Justice Ginsburg asked rhetorically, “[i]f FERC itself must presume just and reasonable a contract rate resulting from fair, arms-length negotiations, how can it be maintained that noncontracting parties nevertheless may escape that presumption?”  Quoting Morgan Stanley, she responded:  “Mobile-Sierra holds sway . . . because well-informed wholesale-market participants of approximately equal bargaining power generally can be expected to negotiate just-and-reasonable rates, . . . and because ‘contract stability ultimately benefits consumers.’  These reasons for the presumption explain why FERC, surely not legally bound by a contract rate, must apply the presumption and, correspondingly, why third parties are similarly controlled by it.”  Voiding the presumption “as to everyone else—consumers, advocacy groups, state utility commissions, elected officials acting parens patriae—could  scarcely provide the stability Mobile-Sierra aimed to secure.”

Finally, the Court held that certain other issues related to the case were raised before, but not decided by, the D.C. Circuit and “remain open for that court’s consideration on remand.”

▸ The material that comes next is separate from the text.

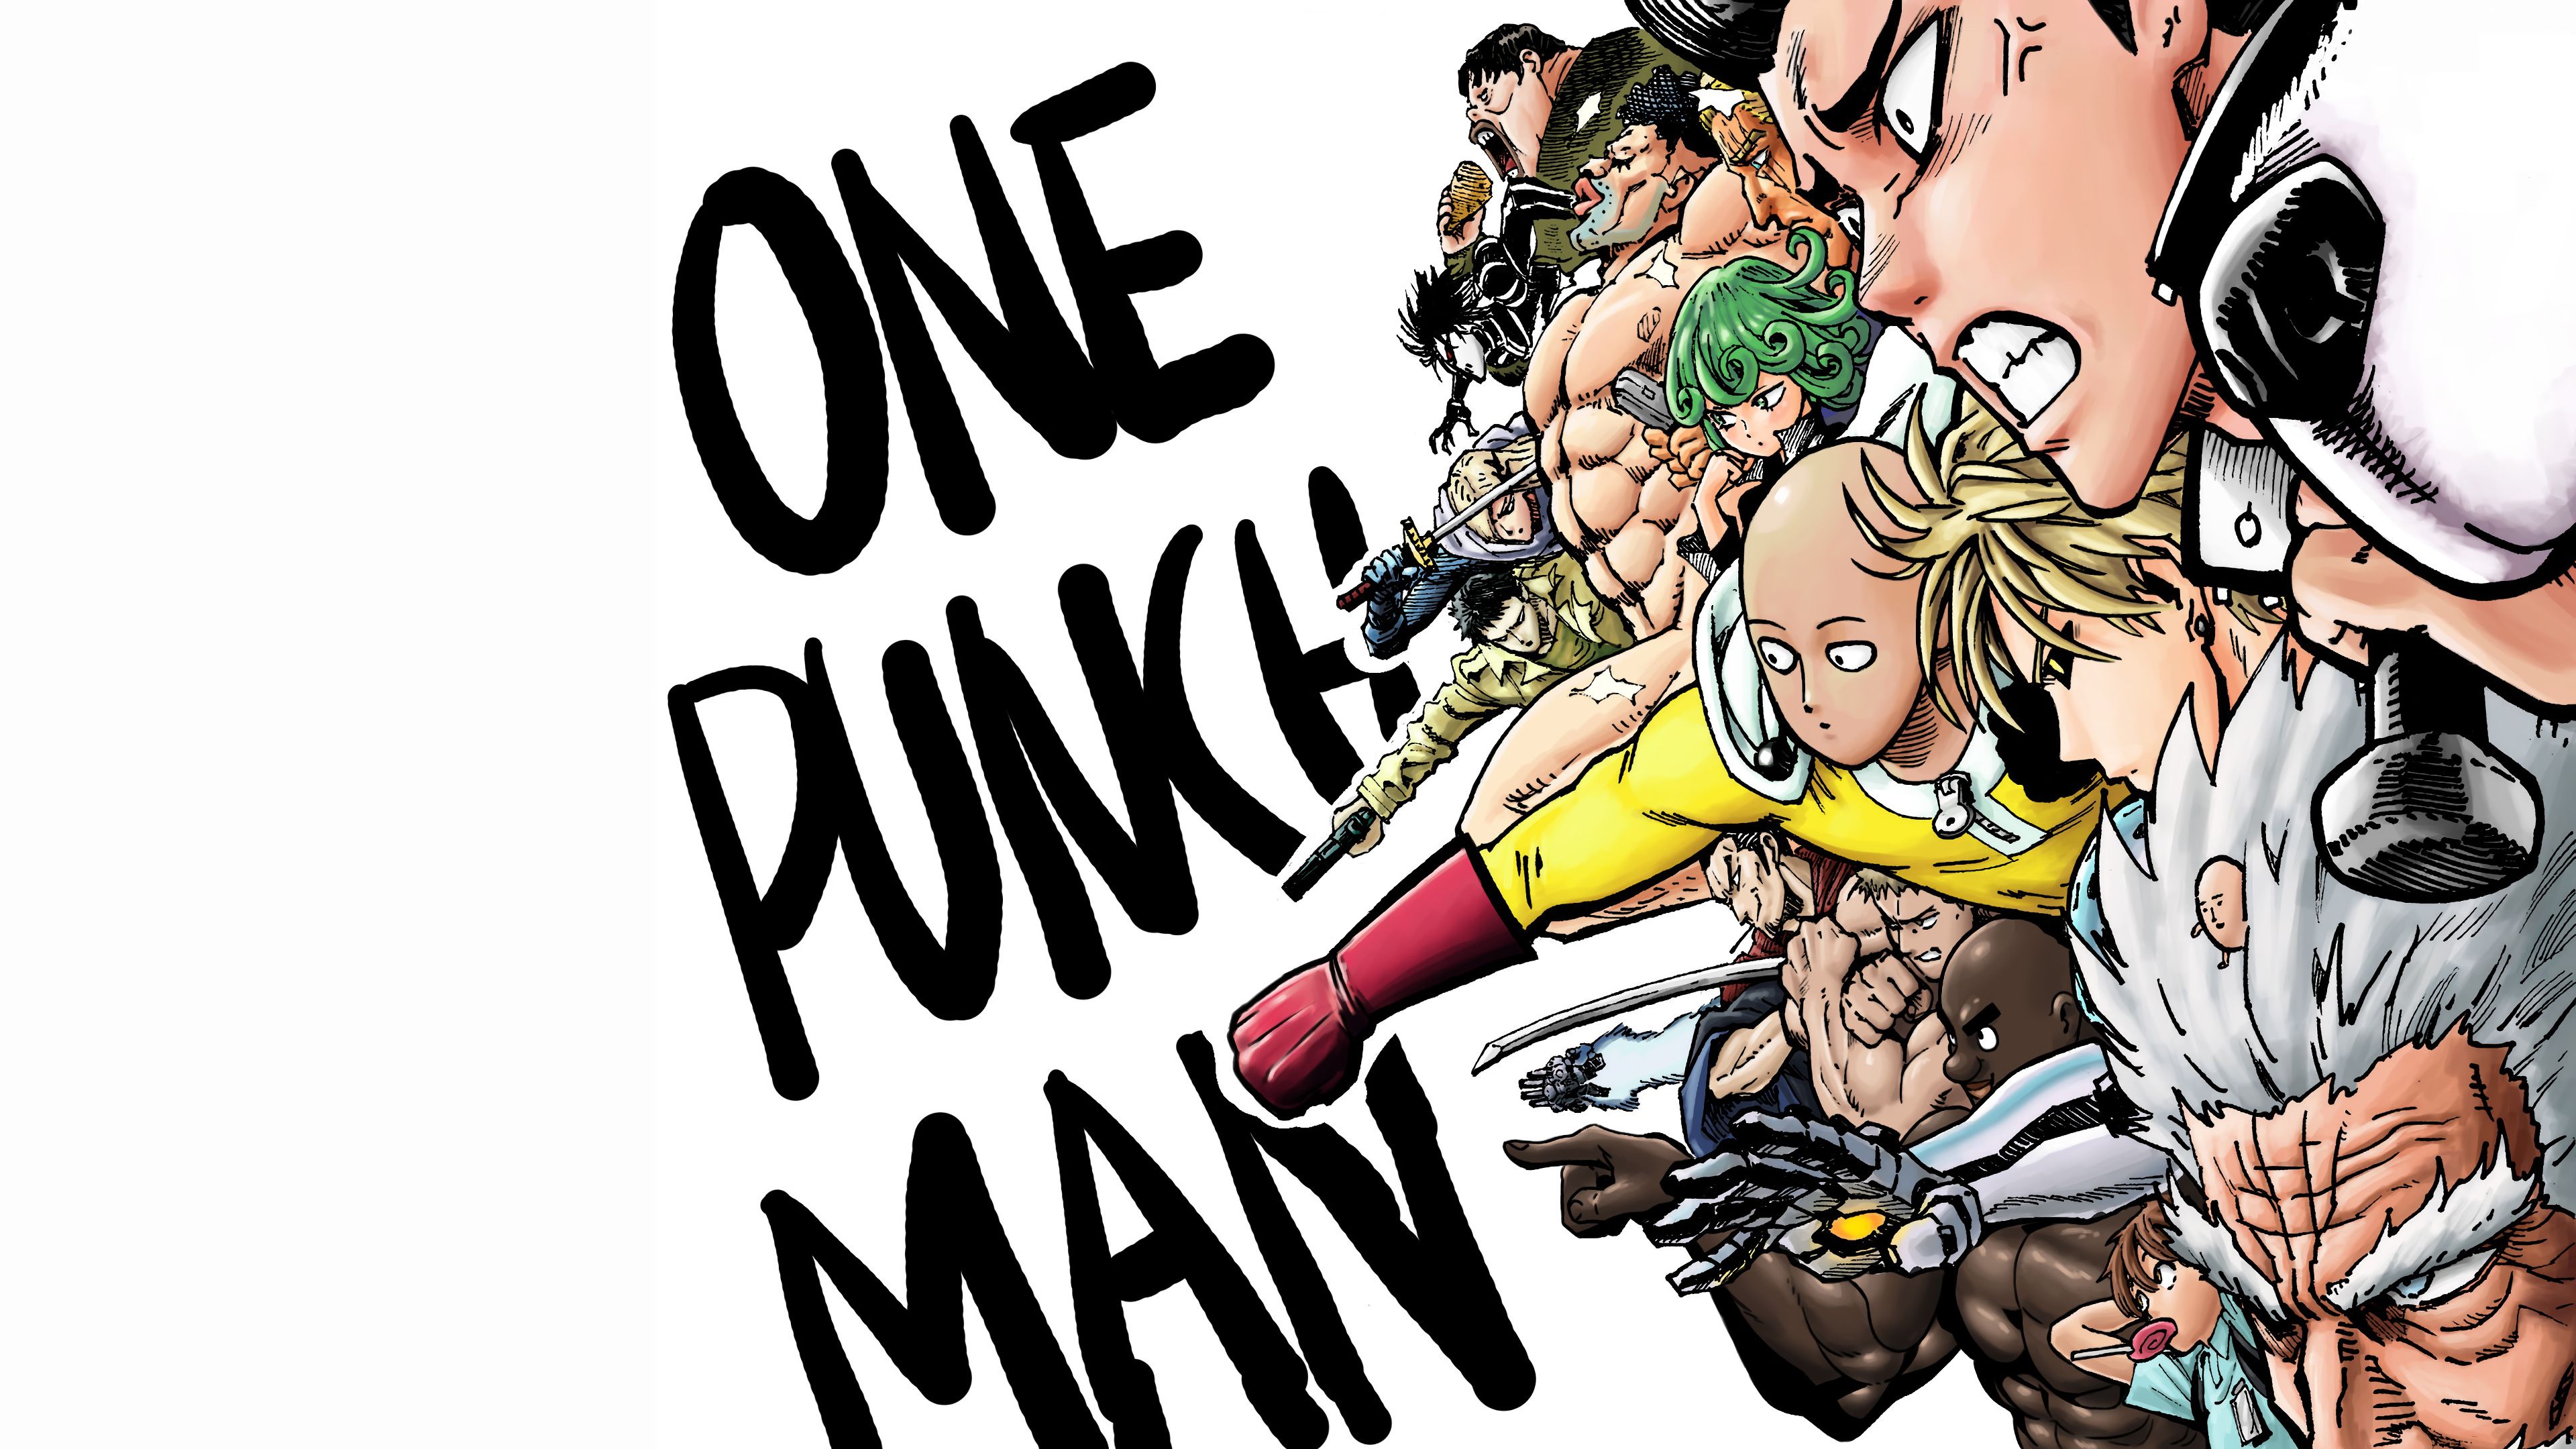 1920x1080 Saitama One Punch Man 4k Laptop Full HD 1080P ,HD 4k Wallpapers ,Images,Backgrounds,Photos and Pictures

Writing alone in dissent, Justice Stevens, who also dissented in Morgan Stanley, described the majority decision as “a quantum leap from the modest origin” of the Mobile-Sierra doctrine and argued that a higher bar for third-party challenges in fact will hinder protection of the public interest.  And he lamented the process by which this “third chapter in a story about how a reasonable principle, extended beyond its foundation, becomes bad law.”  The Mobile-Sierra doctrine, Stevens wrote, was “designed initially to protect the enforceability of freely negotiated contracts against parties who seek a release from their obligations”; it was certainly not intended to place additional burdens on third parties “exercising their statutory right [under the FPA] to object to unjust and unreasonable rates.”  While it made sense “to require a contracting party to show something more than its own desire to get out of what proved to be a bad bargain before could abrogate [it],” Stevens argued that “[i]t is not sensible, nor authorized by the [FPA], for the court to change the de facto standard of review [for contract rates] based solely on the court’s view that contract stability should be preserved unless there is extraordinary harm to the public interest.”  Quoting from his Morgan Stanley dissent, Justice Stevens agreed that “stable energy markets are important to the public interest, but ‘under the FPA, Congress has charged FERC, not the courts, with balancing the short-term and long-term interests of consumers’ under the just and reasonable standard of review.”